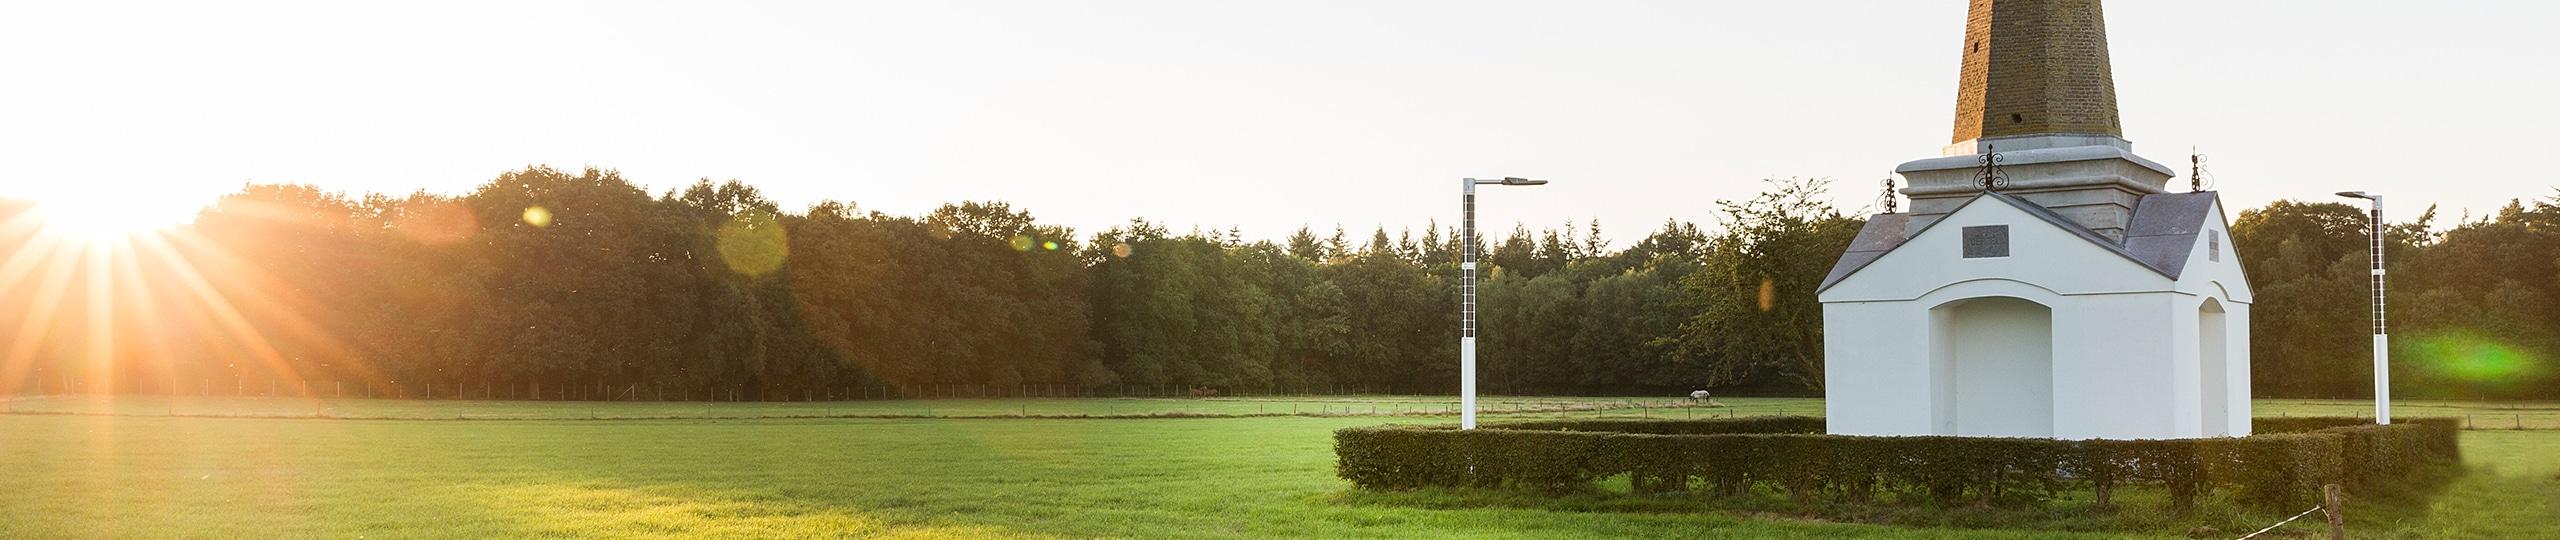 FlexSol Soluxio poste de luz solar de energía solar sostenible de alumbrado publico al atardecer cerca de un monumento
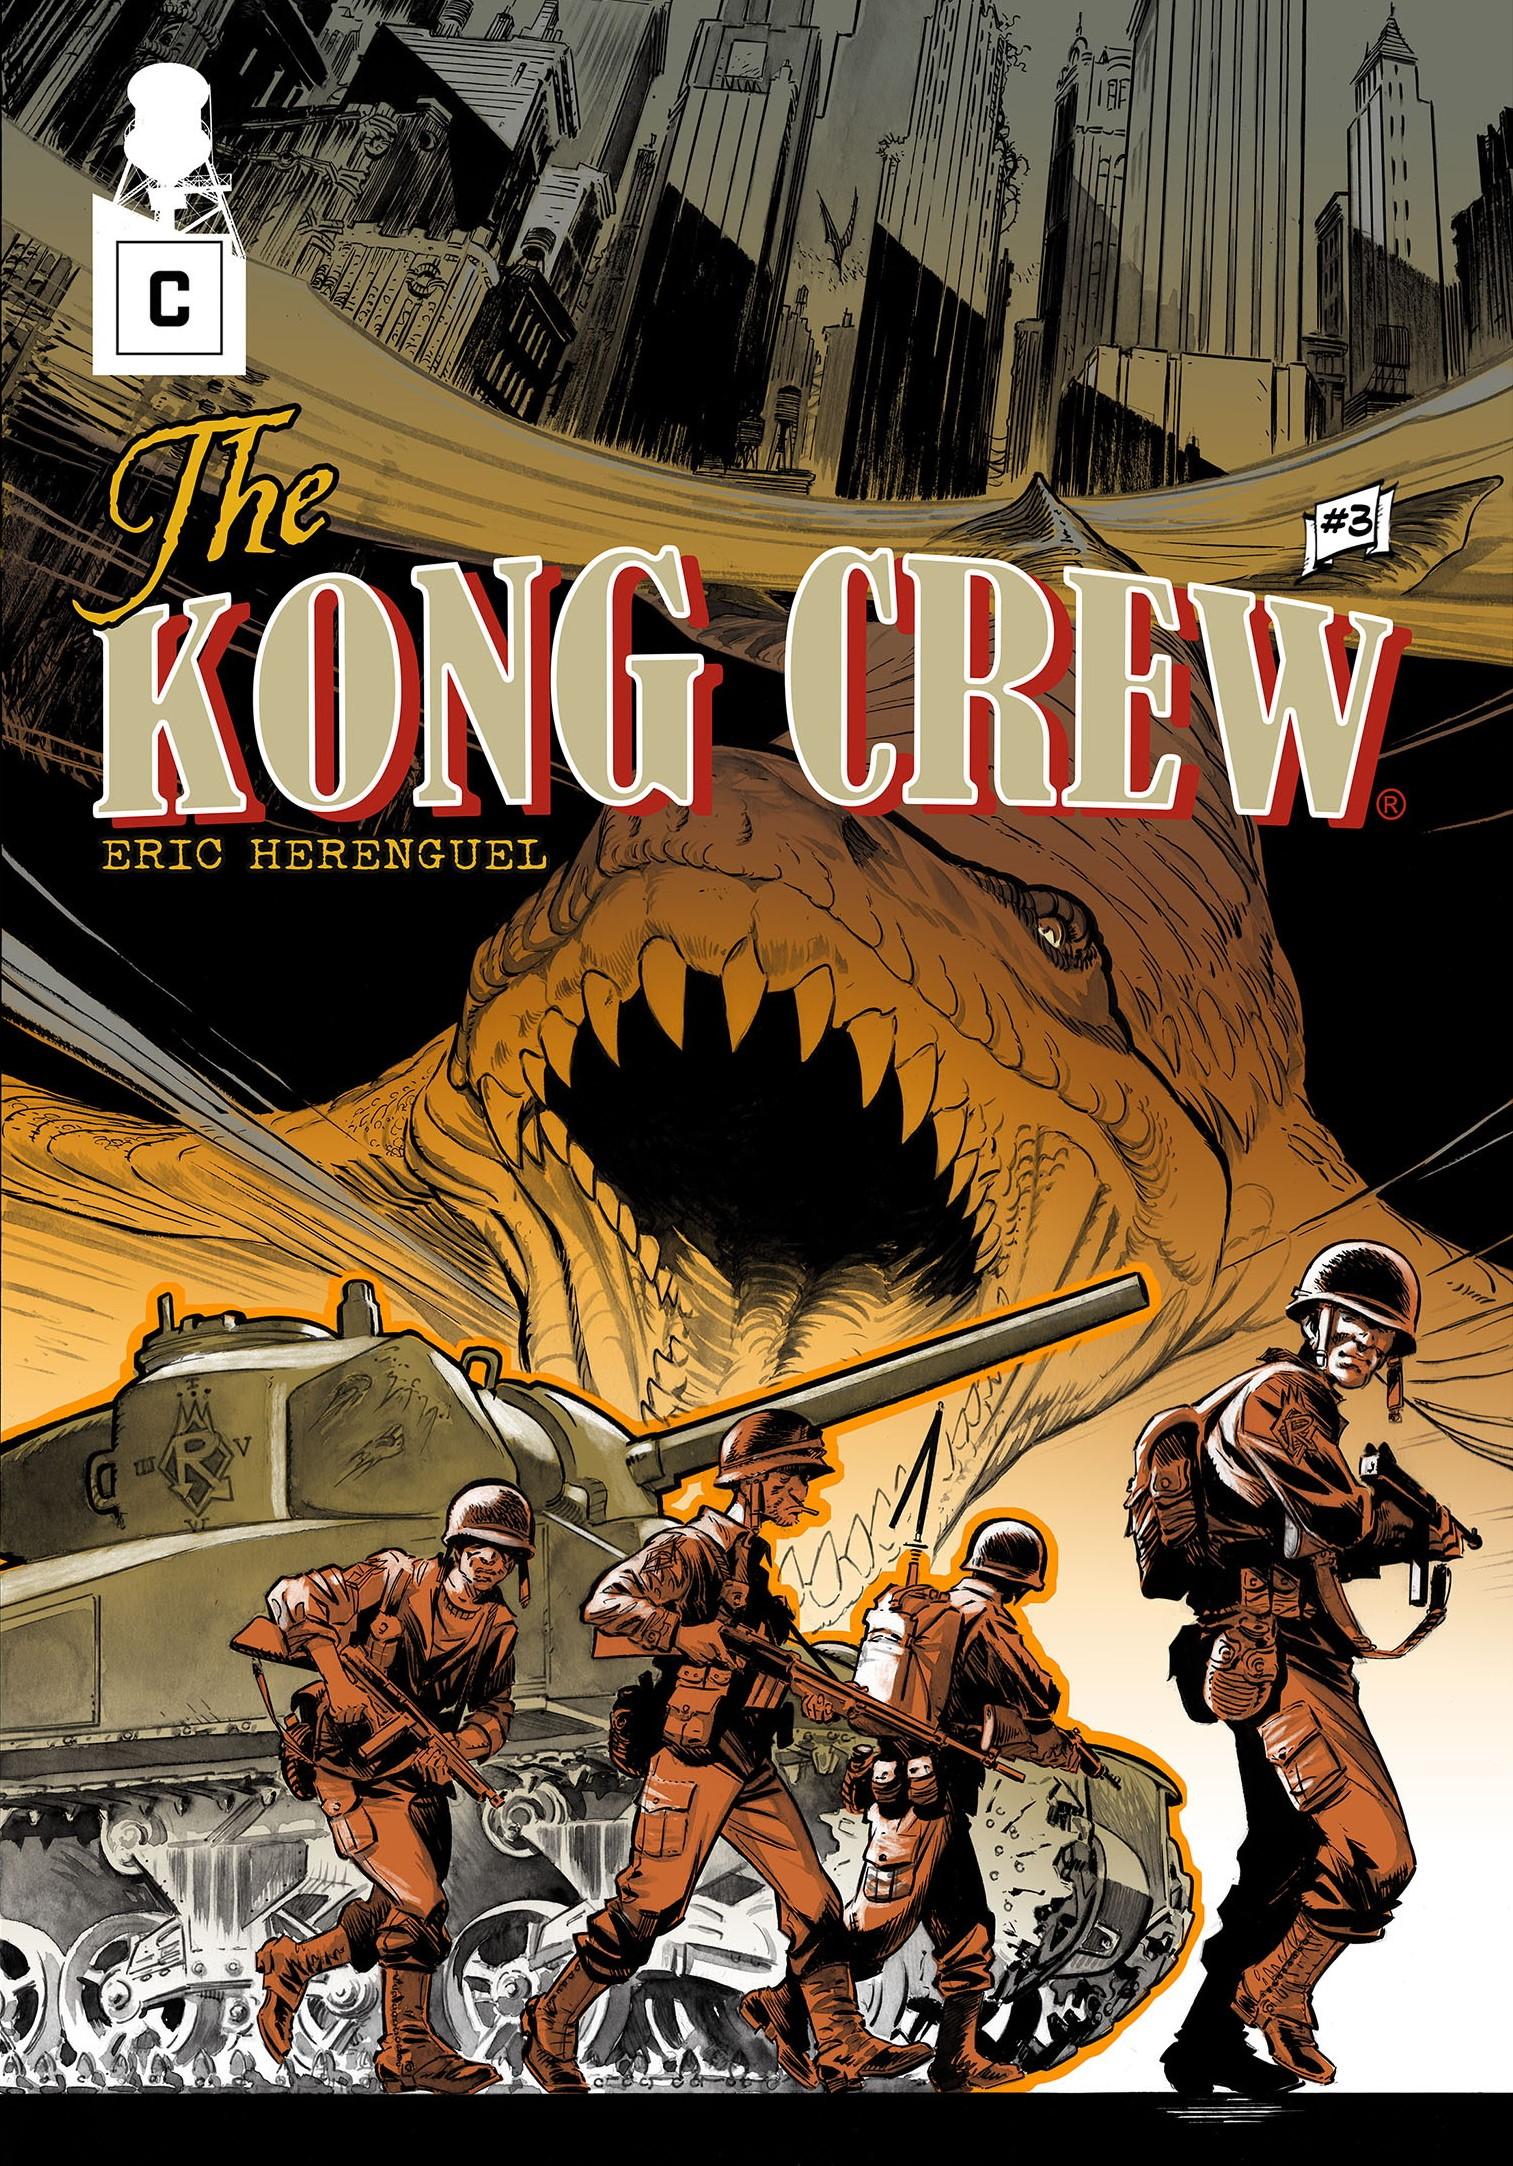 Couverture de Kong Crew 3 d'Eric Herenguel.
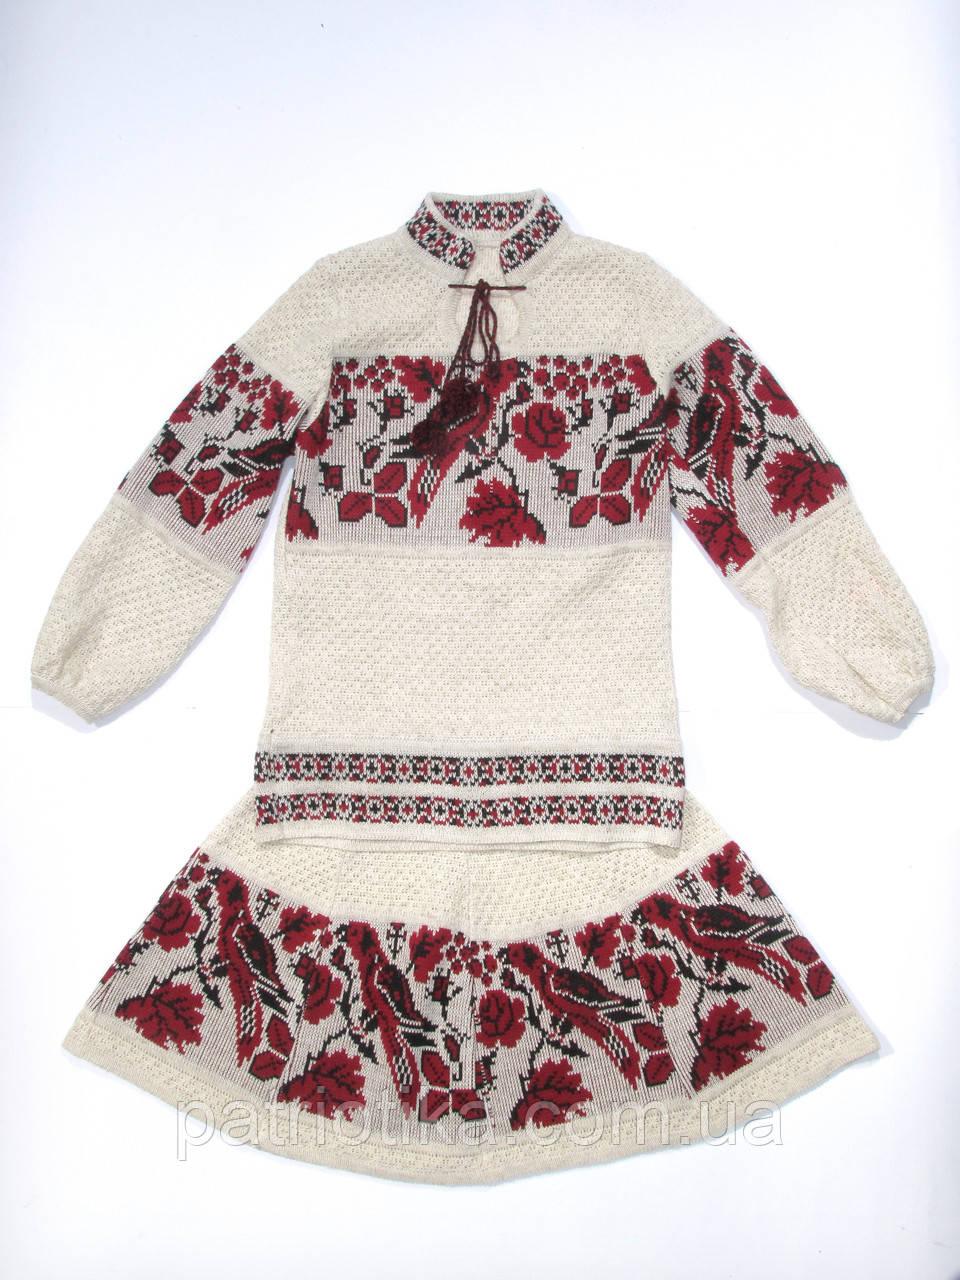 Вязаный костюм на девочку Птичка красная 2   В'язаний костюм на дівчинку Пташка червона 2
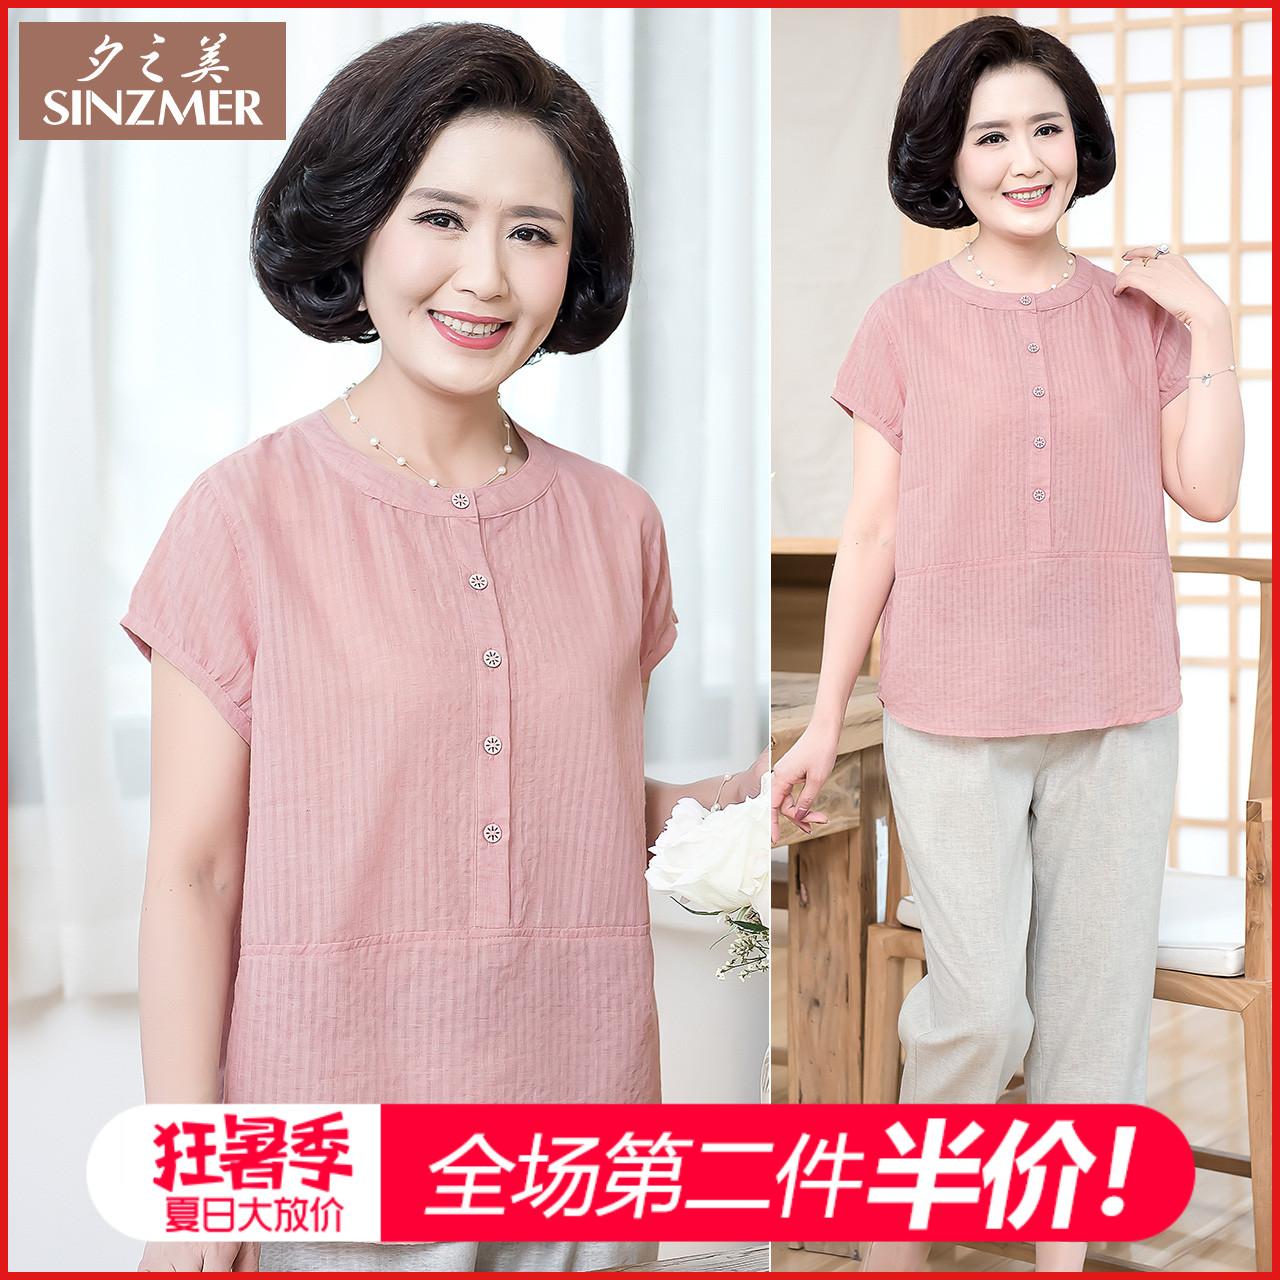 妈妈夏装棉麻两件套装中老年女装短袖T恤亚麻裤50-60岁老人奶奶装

PROMPT ::
What you return must match the material above exactly, apart from its pictures.

YOUR RESPONSE ::
 FlexSol Soluxio poste de luz solar de energía solar sostenible de alumbrado publico al atardecer cerca de un monumento
 Couverture de Kong Crew 3 d'Eric Herenguel.
 Вязаный костюм на девочку Птичка красная 2   В'язаний костюм на дівчинку Пташка червона 2
 妈妈夏装棉麻两件套装中老年女装短袖T恤亚麻裤50-60岁老人奶奶装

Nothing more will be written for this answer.